The nuclear lamina is assembled by interactions of two lamin polypeptides in which the α-helical regions are wound around each other to form a two stranded α-helical coiled-coil structure, followed by a head-to-tail association of the multiple dimers. The linearly elongated polymer is extended laterally by a side-by-side association of polymers, resulting in a 2D structure underlying the nuclear envelope. Next to providing mechanical support to the nucleus, the nuclear lamina plays an essential role in chromatin organization, cell cycle regulation, DNA replication, DNA repair, cell differentiation and apoptosis.

=== Chromatin organization ===

The non-random organization of the genome strongly suggests that the nuclear lamina plays a role in chromatin organization. It has been shown that lamin polypeptides have an affinity for binding chromatin through their α-helical (rod like) domains at specific DNA sequences called matrix attachment regions (MAR). A MAR has a length of approximately 300–1000 bp and has a high A/T content. Lamin A and B can also bind core histones through a sequence element in their tail domain.

Chromatin that interacts with lamina forms lamina-associated domains (LADs). The average length of human LADs is 0.1–10 MBp. LADs are flanked by CTCF-binding sites.

=== Cell cycle regulation ===

At the onset of mitosis (prophase, prometaphase), the cellular machinery is engaged in the disassembly of various cellular components including structures such as the nuclear envelope, the nuclear lamina and the nuclear pore complexes. This nuclear breakdown is necessary to allow the mitotic spindle to interact with the (condensed) chromosomes and to bind them at their kinetochores.

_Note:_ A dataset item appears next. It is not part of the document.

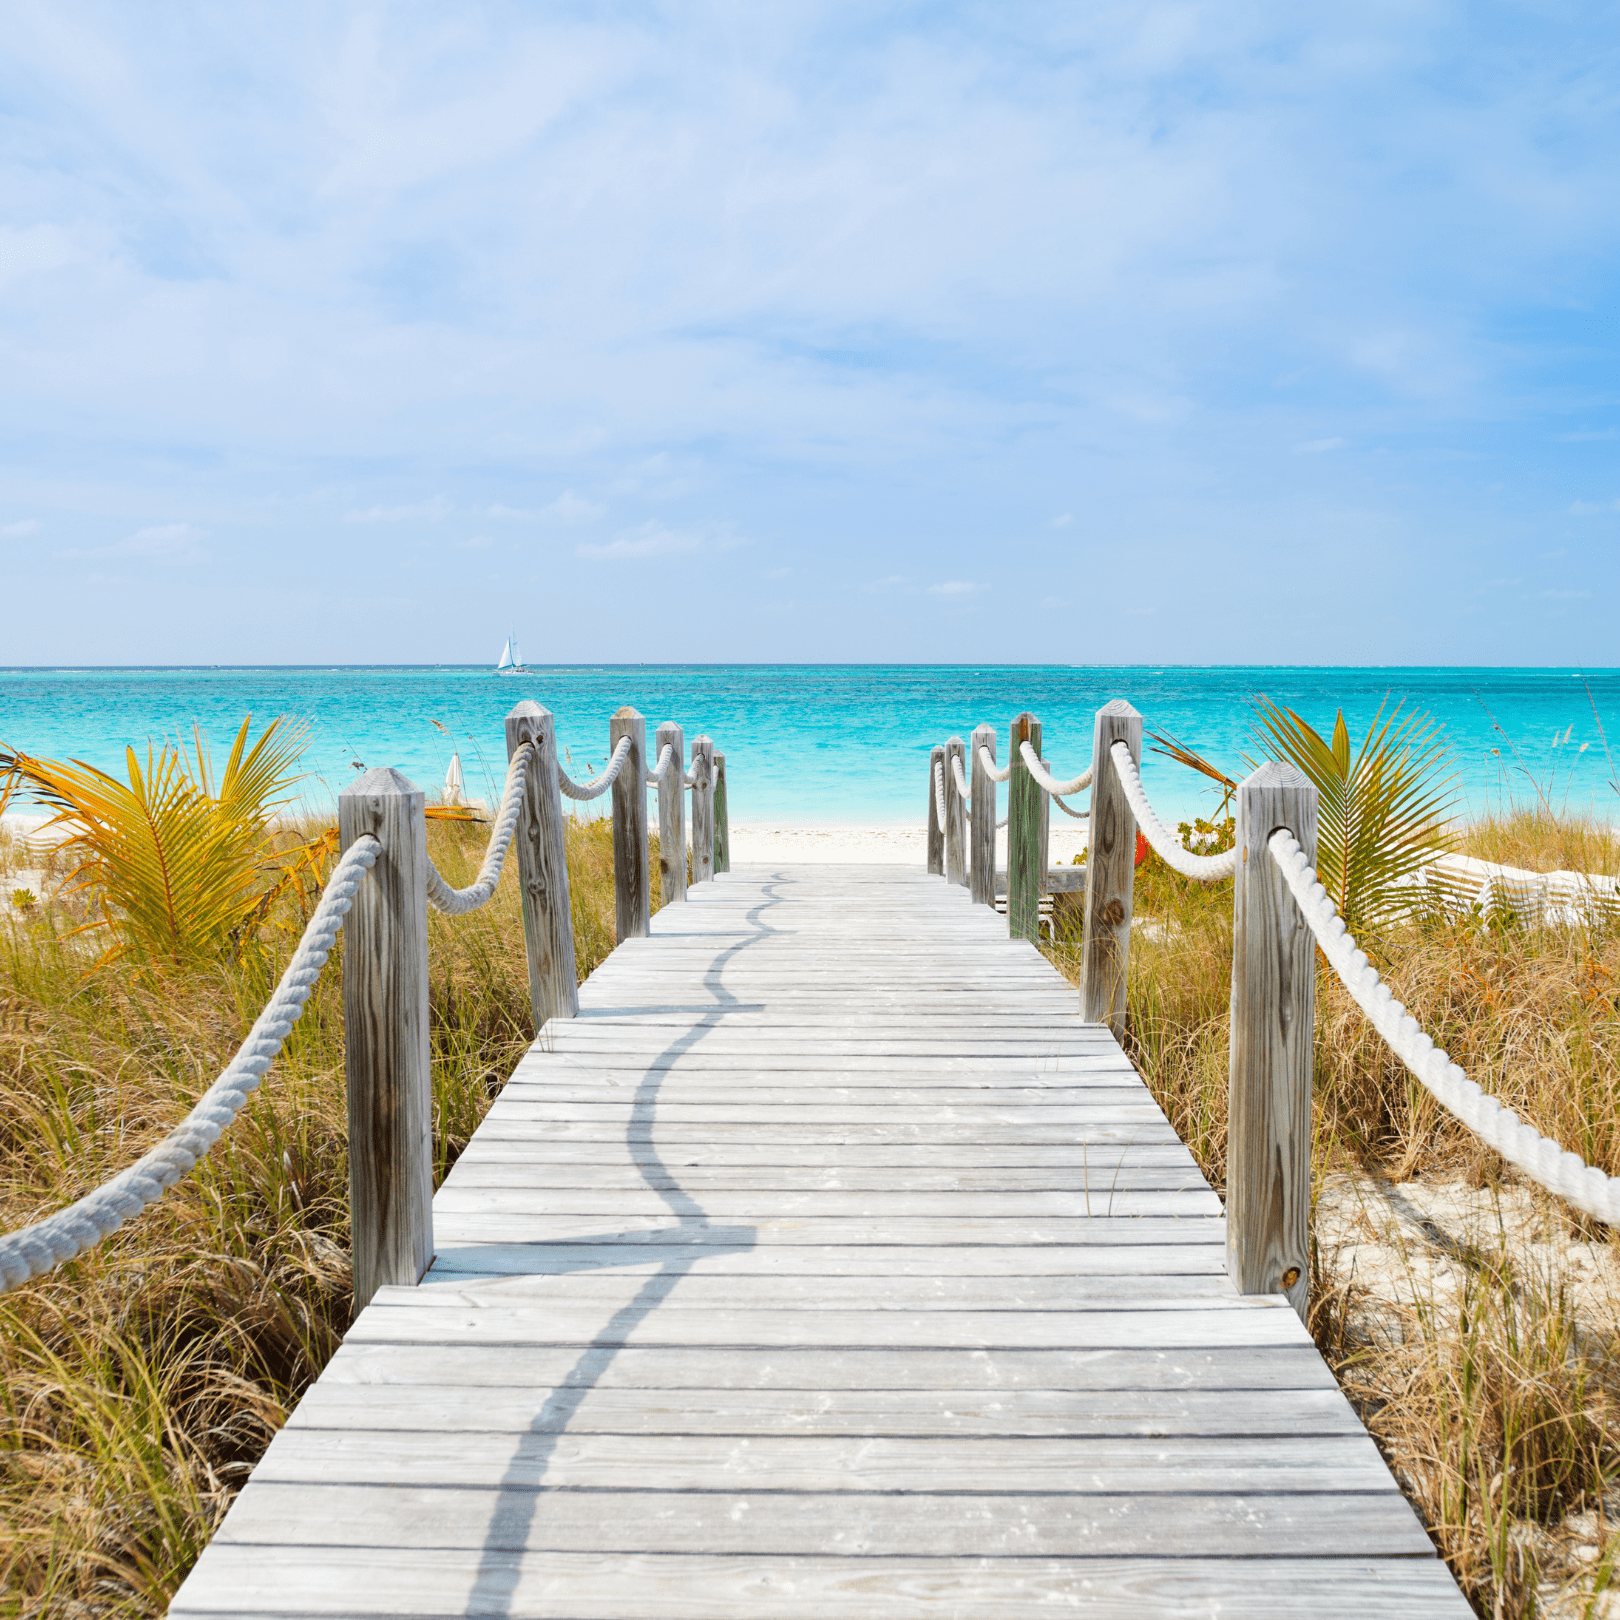 long wooden dock walkway lined with pillars with large rope as handrails leading to the beach near our Anna Maria island vacation rentals

These different disassembly events are initiated by the cyclin B/Cdk1 protein kinase complex (MPF). Once this complex is activated, the cell is forced into mitosis, by the subsequent activation and regulation of other protein kinases or by direct phosphorylation of structural proteins involved in this cellular reorganisation. After phosphorylation by cyclin B/Cdk_{1}, the nuclear lamina depolymerises and B-type lamins stay associated with the fragments of the nuclear envelope whereas A-type lamins remain completely soluble throughout the remainder of the mitotic phase.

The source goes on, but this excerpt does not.